The South African Government has been in discussion since 2011 about introducing extensive retirement reforms to promote a culture of retirement savings. Many of these reforms were initiated, with the latest being the annuitisation of provident funds. Ridhaa Damon, MD and Head of Advisory of Lionwealth Capitol says this was needed as unfortunately too many South Africans have a spending culture and sadly too many retire poor because of poor financial decisions made in their younger days.

T-day!

March 2021 is T-day. This is the day when it will become a requirement for provident funds to be annuitized upon retirement. This means that all the different types of retirement funds such as retirement annuity funds and pension funds will now be aligned with provident funds. From T-day onwards, on retirement, provident fund members will be able to take a one-third lump sum benefit from their fund and structure a monthly income (annuitize) from the remaining two-thirds.

Please note that the above applies to the retirement event. Should you leave your provident fund due to resignation, retrenchment or dismissal, a withdrawal option is still available to you, and is unaffected by the annuitisation referred to above.

It is important to understand that the new requirements will not apply to what is known as “vested” benefits, or those benefits accumulated before T-day and any investment growth on those benefits after that date.
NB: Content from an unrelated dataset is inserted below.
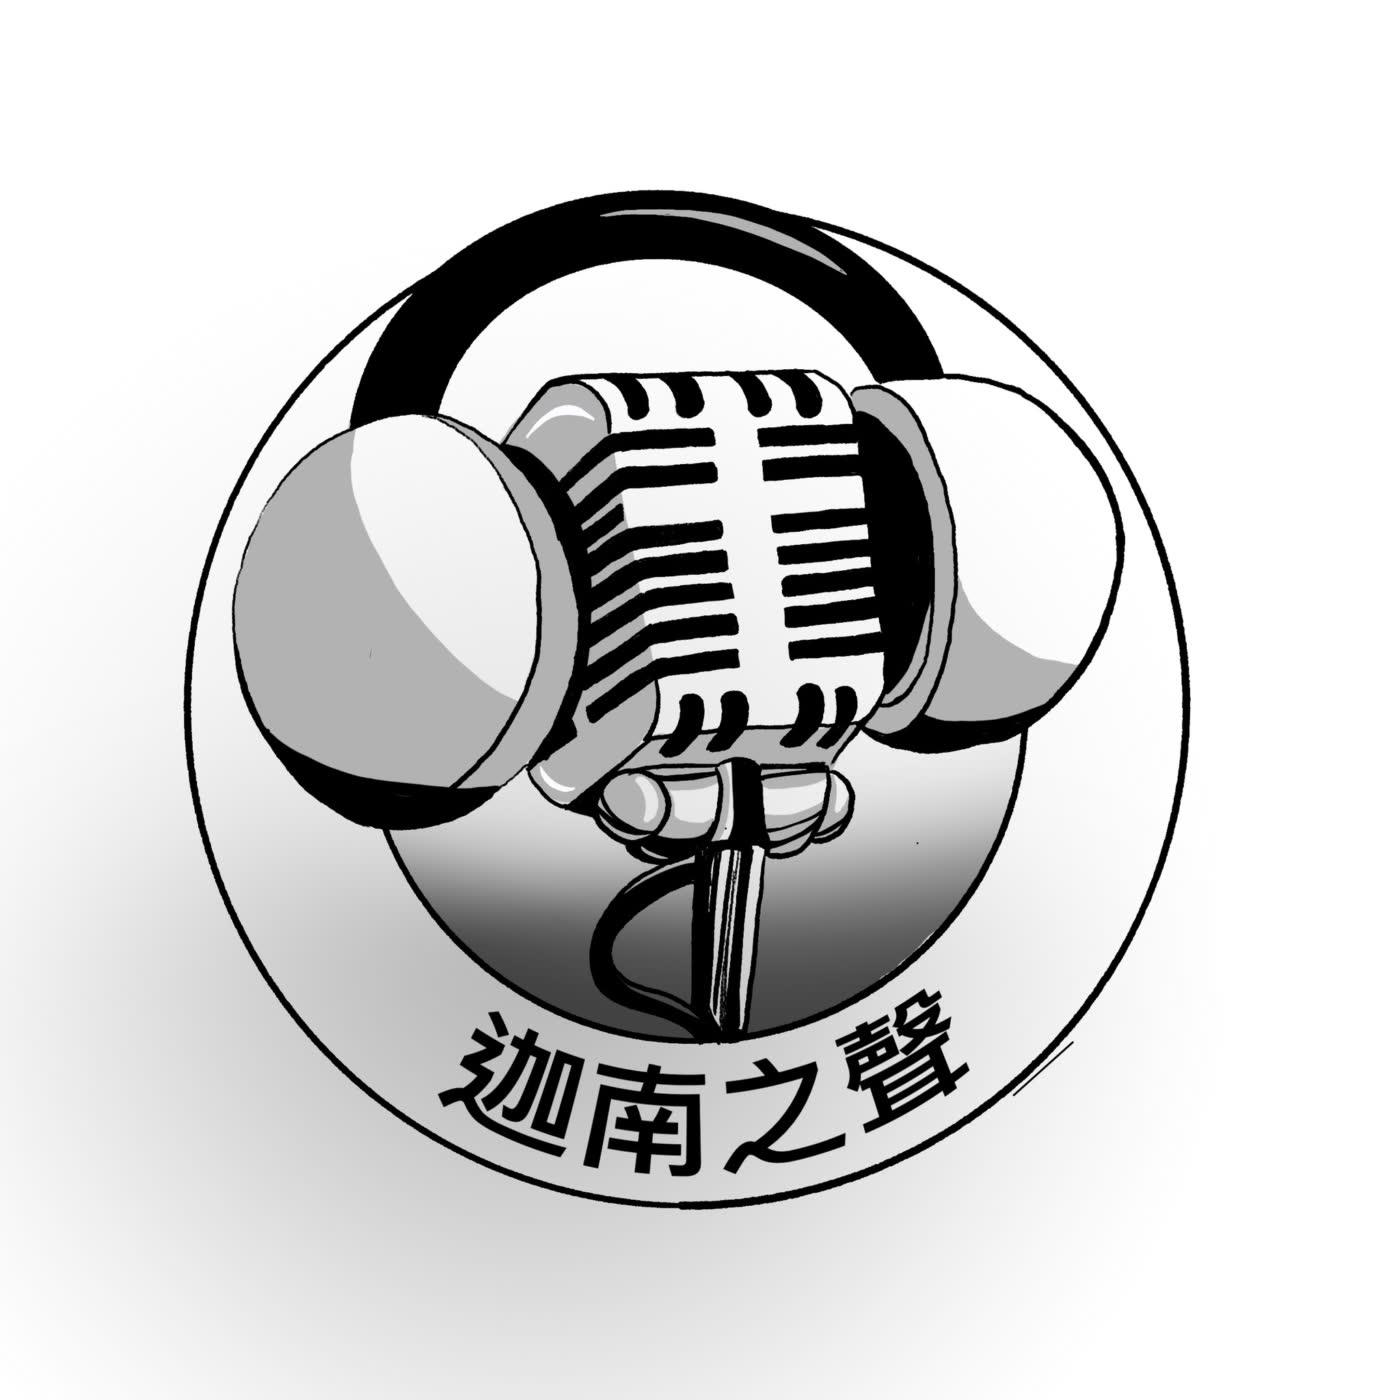 迦南之聲 Ep.1【世界因罪而崩潰】

The new requirements will apply only to “non-vested” benefits, which are the contributions and investment growth on those, which accumulated in the fund after T-day.

With this, it is extremely important before making any and all financial decisions to speak to a qualified and knowledgeable financial advisor.

Here are 5 financial planning tips

  1. Start a retirement annuity as early as possible in your working life, even if you have a pension or provident fund through your employment. Those alone are often not enough to retire comfortably. See it as your younger self paying your older self’s salary. Work hard and save when you are young and have the energy. You may not see it now but your older self will be very grateful.
  2. Insure your income. It is the one thing that pays for all your expenses including your insurance. Ask your Financial Advisor about income protection.
  3. If you resign or are retrenched and are not at retirement age yet, preserve as much of your pension or provident funds for retirement. If possible, try not to access it at all until you retire.
  4. Increase you Retirement Annuity contribution annually by as much as your pocket will allow. You may claim a tax rebate for up to 27.5% of your income on an annual basis.
  5. First step to proper financial planning is to create a budget. It helps you understand your finances better and distinguish between which expenses and income, and wants and needs.

 

No time like the present

There is no time like the present to secure your financial future. Speak to a financial advisor about retirement products. Contact a lawyer to have your will drafted. And if you are struggling with your debt, make use of a debt counsellor.